▶ Data for analysis:
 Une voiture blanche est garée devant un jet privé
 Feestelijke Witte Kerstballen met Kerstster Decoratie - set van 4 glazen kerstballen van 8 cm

* * *

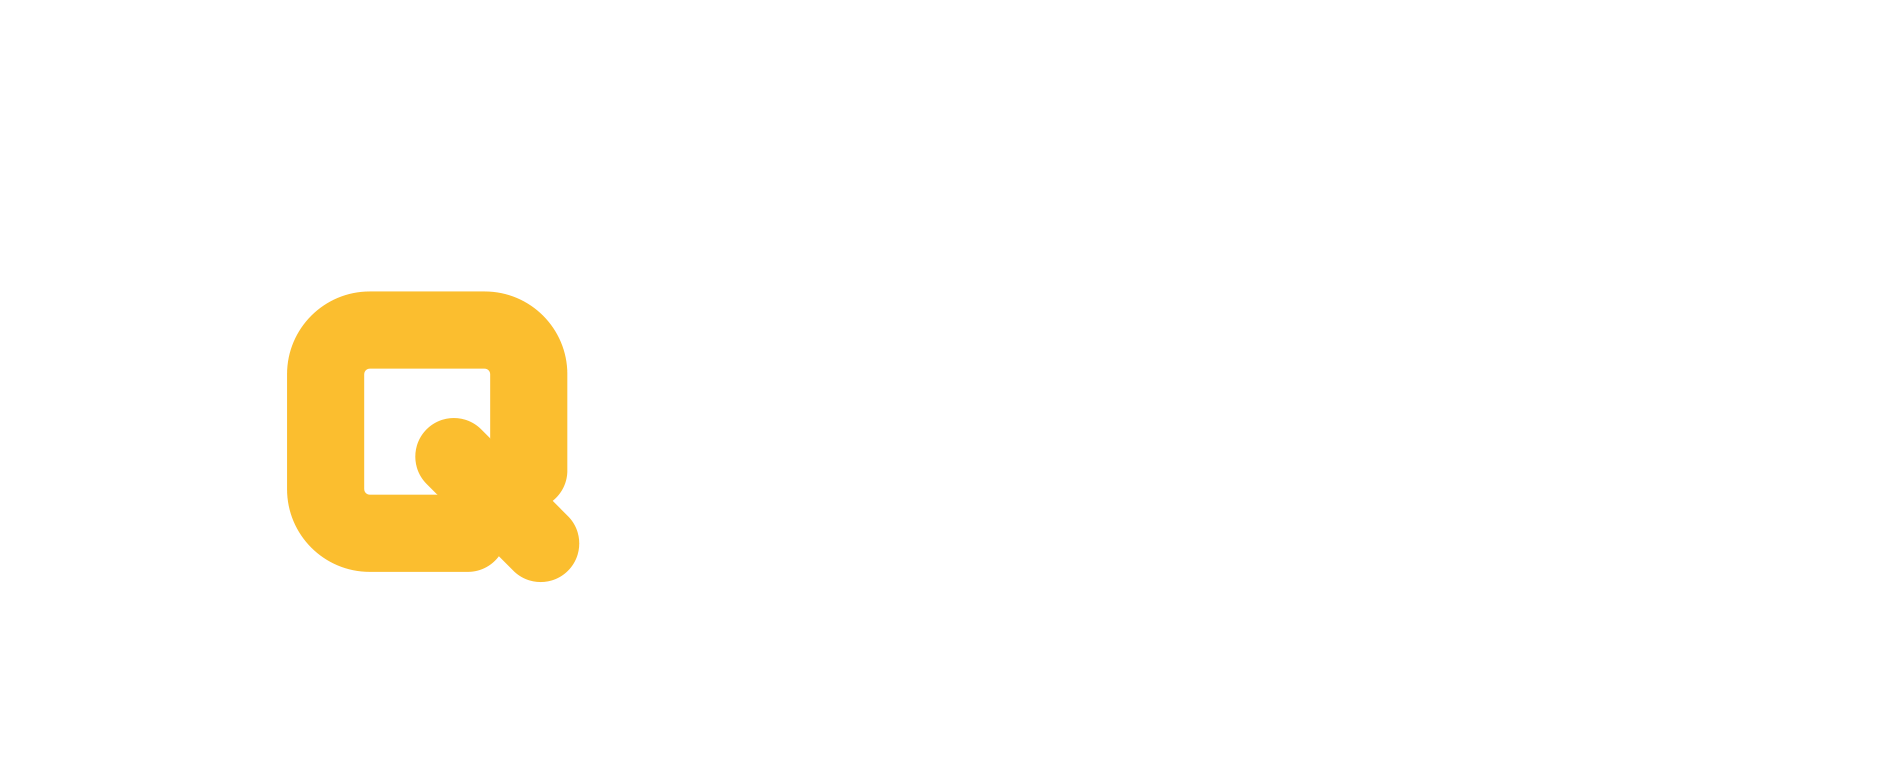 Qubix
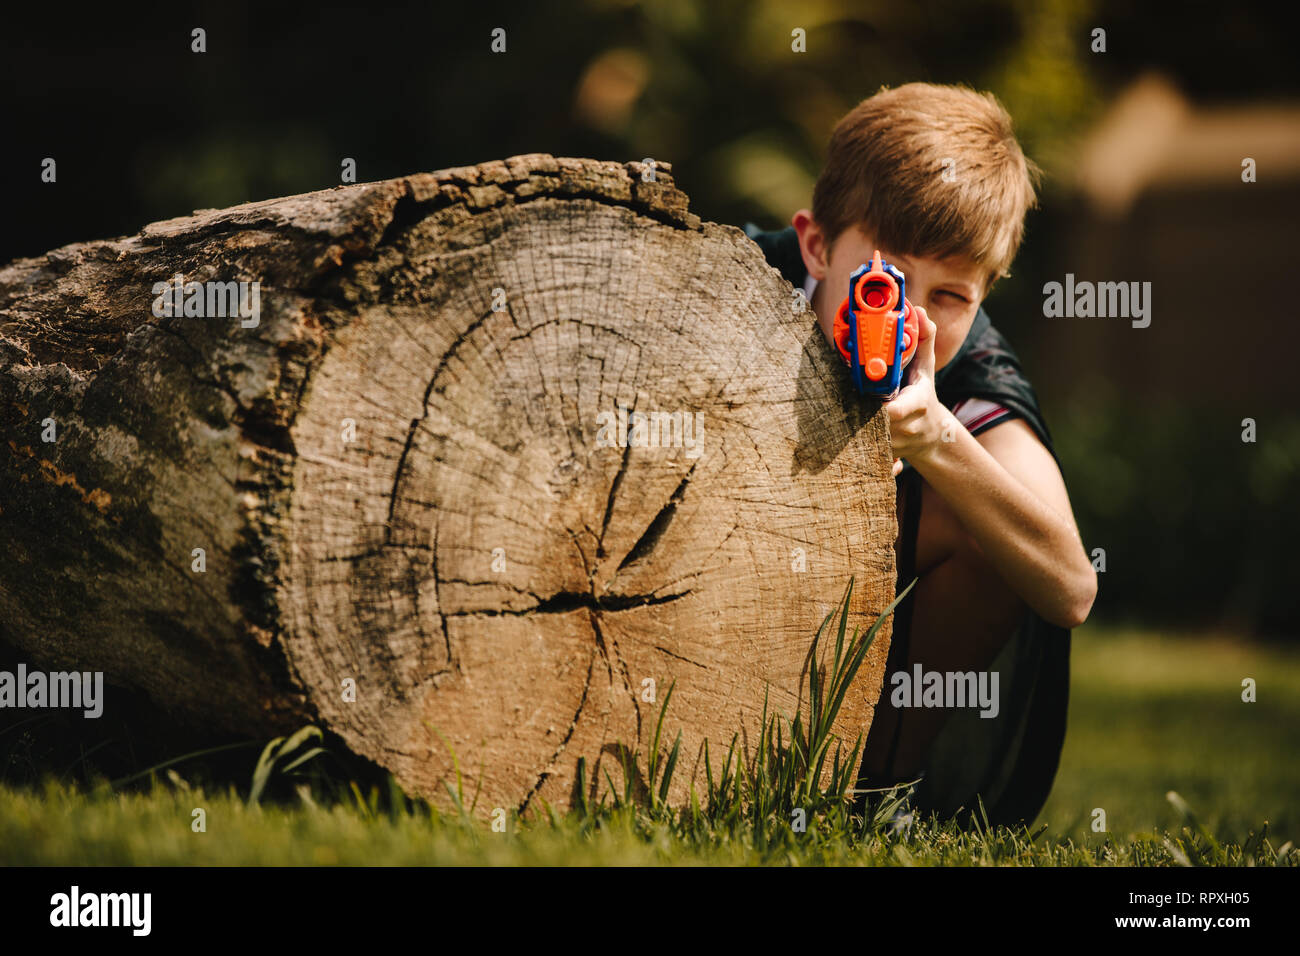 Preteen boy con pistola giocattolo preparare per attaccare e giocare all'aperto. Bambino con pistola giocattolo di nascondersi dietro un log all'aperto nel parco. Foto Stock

▶ What to produce: Write out only the lines that run from the line containing "Une voiture blanche" through the line containing "Feestelijke Witte Kerstballen", both included, exactly as they appear above.

▶ Problem solution:
 Une voiture blanche est garée devant un jet privé
 Feestelijke Witte Kerstballen met Kerstster Decoratie - set van 4 glazen kerstballen van 8 cm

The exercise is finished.